I'm not all that sober right now, so I'm sorry if I offended you. [X(]

chaos92287
03-07-2008, 03:14 AM
ORIGINAL: cincyTT

^ that was a little much. But yes, Back on Topic


^x2 don't know about you, but there are no "inner" feelings here lol just respect

and holy crap i just realized Nate's a mod now. bout time

2Sick
03-10-2008, 06:43 PM
would these only work on the 1.8T?

cincyTT
03-10-2008, 07:40 PM
????

using quotes or some info would help us know what you are talking about here.

2Sick
03-11-2008, 08:00 PM
I just meant the turbos in general.

Leifer
03-11-2008, 08:06 PM
Theoretically, you can turbocharge anything.
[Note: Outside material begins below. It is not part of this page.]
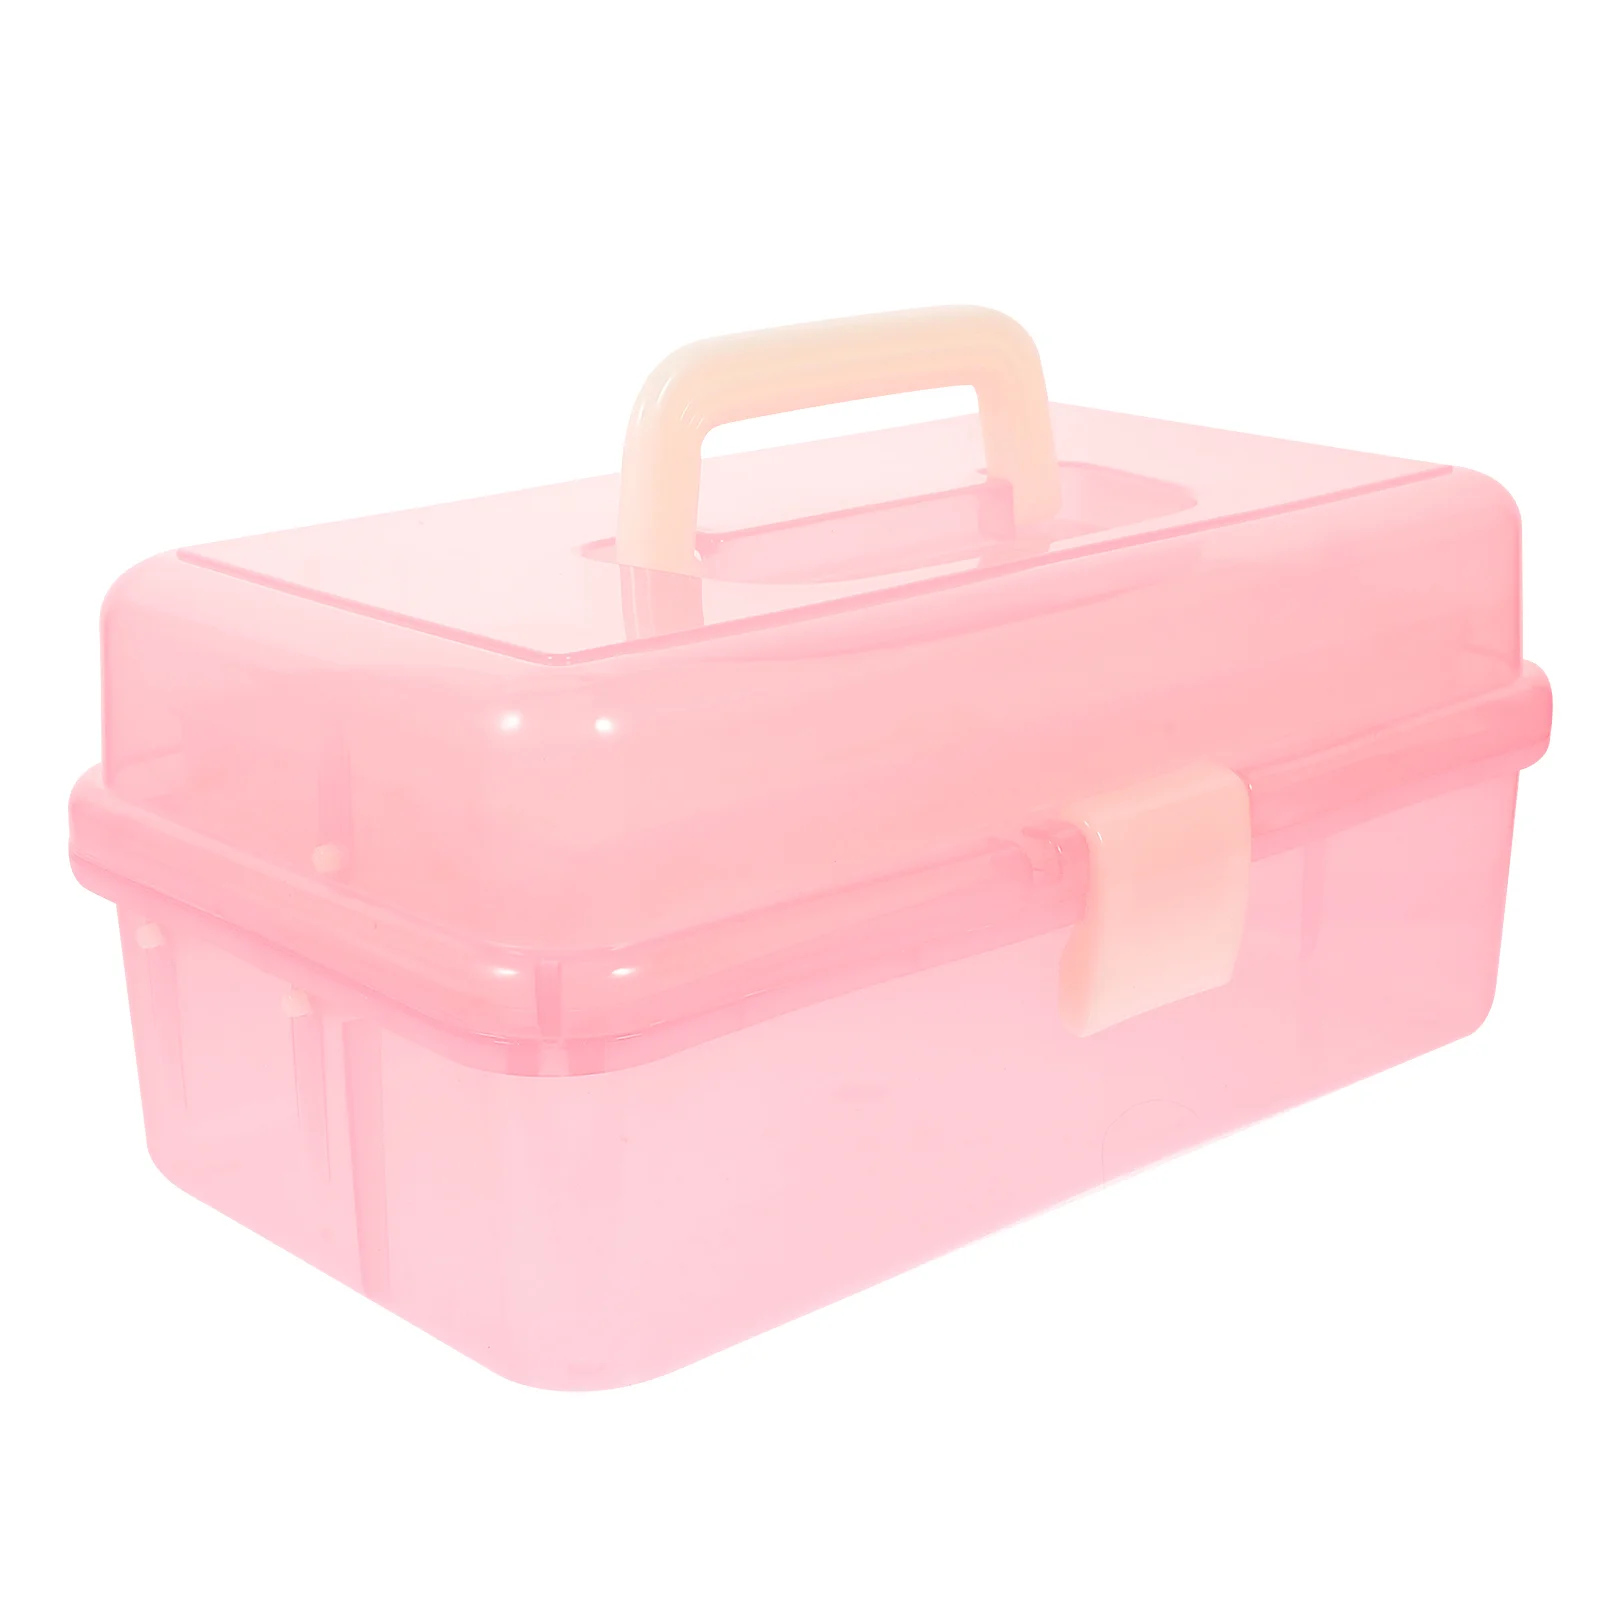 

Storage Box Organizercase Supply Tool Three Layer Craftmultipurposepainting Portable Sewing Supplies Container Tools Handled

The turbochargers themselves are good for ANY (okay, MOST) engine, but the parts we have compiled are mainly meant for the 1.8T engine.

driftking8732
03-19-2008, 06:11 PM
hey with the big turbo upgrades it says you can use a lightning maf sensor, does it just plug in or what do i have to do to make it work.

Jeff
03-19-2008, 06:18 PM
i dont know what you ahve to do to make it work but you must use the maf sensor and size that your soft ware calls for. running something larger than what is written for will cause lean or rich conditions

driftking8732
03-19-2008, 07:34 PM
thanks 3 more questions:
1. is the vr6 plug and play?
2. are all vr6 maf sensors 3"?
3. does it matter obd1 or obd2?

chaos92287
03-19-2008, 11:26 PM
1. yes
2. yes
3. yes. i think obdI is for 97 a4's. since you have a 2000 you would want a maf out of a mk4 vr6 or tt225.

Leifer
03-20-2008, 01:01 AM
driftking, if by "plug and play" you mean you can swap it in and be cool, it's not. You're going to need to tune your ECU for it to recognize the bigger MAF

driftking8732
03-20-2008, 07:46 PM
i understand that i just want everything all ready to go when i go get tuned, because the places by me wont tune unless they see the car so i want everything ready to go.

squarrl
06-08-2008, 12:53 AM
SPA makes a T25 flanged mani part number TM-A-01 they go for around $350 shipped.

driftking8732
06-18-2008, 07:46 PM
chaos92287,

you have up there for tunning is unitronics and ctapp, i have been searching for the website for that company/tune to no aveil, unitronics just wont answer any of my emails and im tired of waiting to get tunned, what is the site/sites that have it. thanks

cincyTT
06-18-2008, 08:22 PM
Unitronic- http://www.unitronic.ca/uni/
Tapp - http://www.eurodyne.ca/

If you want Uni help, join vwvortex and you can talk your Adam@ unitronic.ca on there and he will more than answer all your questions. http://forums.vwvortex.com/zerouser?cmd=viewprofile&id=327231

I talk to him often and he is a great guy

01afour
06-19-2008, 04:42 PM
driftking theres a great shop on LI that uses unitronics chips. its called forcefed, they build hella fast cars and only use unitronics. im goin w/ them when i chip my car. and by them i mean the brand and shop.

forcefed engineering
631-243-6333
deer park NY.

Cecchini
07-30-2008, 08:20 PM
I can't thank you enough Chaos. This really answered a lot of my questions that would have probably would have ended up as threads that would have been flamed on. Thank you.

ThePaintballGuy
07-30-2008, 09:07 PM
WOW Someone actually searched and used a sticky!!! WOOT The world may go on for a little longer. lol

Josh

ST1FFY
09-28-2008, 07:09 PM
hi, im interested in upgrading to the gtrs turbo, but in the description under other necessary parts, it says TIP. What is TIP?